2.6. Serum collection

Ten representative serum samples were collected from each group of chickens for an HI test to measure antibody titres. Samples were collected 10 days after each vaccination on days 15, 36 and 64. Moreover, samples were taken on days 5, 15, 21 and 31 of age from the control group that had not been vaccinated. Blood samples of 1–1.5 mL per bird were obtained using a 3 mL sterile disposable syringe to draw from the wing vein, following the standard methods described by Alders and Spradbrow (2001). The collected blood was allowed to clot overnight at room temperature before being spun at 1000 rpm for 10 min. The separated serum was then kept at −20°C until used to measure the presence of antibodies using HI assays.
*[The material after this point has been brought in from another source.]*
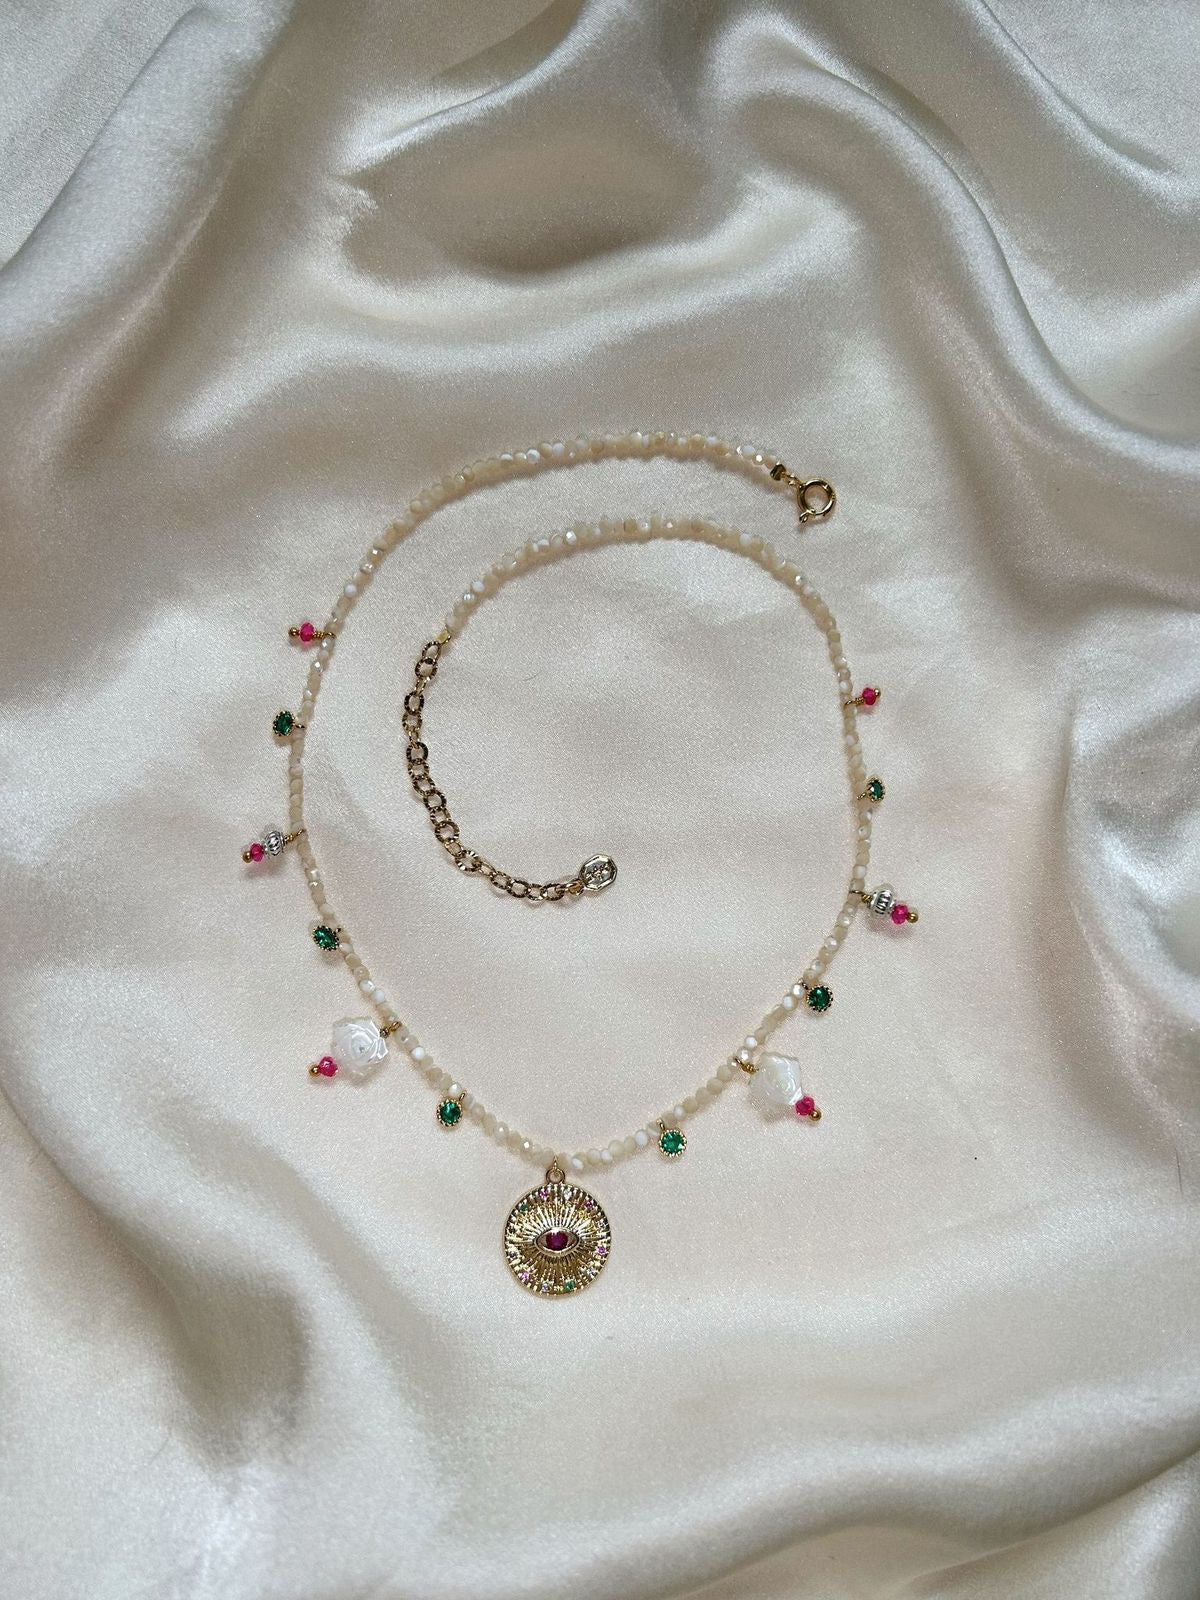 #necklace #collier #bijoux #jelwery #jewellery #bali #cristal #chic #glamour #gold #perles #pendentif #fleur #shine #blanc #red #summer #été #oeil #bonheur

2.7. Antibody detection and protection test

A positive outcome for NDV was defined as HI titres of 4 log2 (Office International des Epizooties (OIE), 2013). Each bird was administered a viral suspension of 107 EID50/mL via naso‐ocular routes in doses of 0.1 mL. The NDV strain, known as the Alemaya strain (genotype VI), was used in this study. The EID50 of virus was calculated according to Reed and Muench (1938). The morbidity and mortality of the chickens from each treatment group were monitored in separate pens every day for 15 days.

2.8. Data management and analysis

After being imported into Microsoft Excel for Windows 2010, the data was entered, saved, and then processed using STATA version 14.0 for Windows (Stata Corp.). To analyse (GMT + SD) for both the vaccinated and unvaccinated groups, a Microsoft spreadsheet was used. The ANOVA single‐factor and paired t tests were performed to assess whether there were any significant differences in the HI titres of hens in a group following the first, second and third vaccinations (Beri, 2005). The significance level was set at a p‐value of 0.05 for detecting a significant difference.

3. RESULTS

3.1. Antibody titre for passive immunity

The levels of maternally‐derived antibodies (MDA) in layer chickens were evaluated by measuring antibody titres for passive immunity from days 5 to 31. The mean titre recorded for the chickens was 7.75 ± 5.96 at 5 days old, exhibiting a statistically significant difference (p = 0.002), followed by 6.44 ± 5.30 at 15 days old, although the difference was not statistically significant (p = 0.413). At 21 days old, the mean titre was 6.61 ± 5.05, with a significant difference observed (p = 0.004), and at 31 days old, it was 6.30 ± 4.96, although the difference was not statistically significant (p = 0.119), as shown in Table 2.

TABLE 2.

Haemagglutination inhibition test titres result of passive immunity of layer chicken (GMT ± SD (n = 10).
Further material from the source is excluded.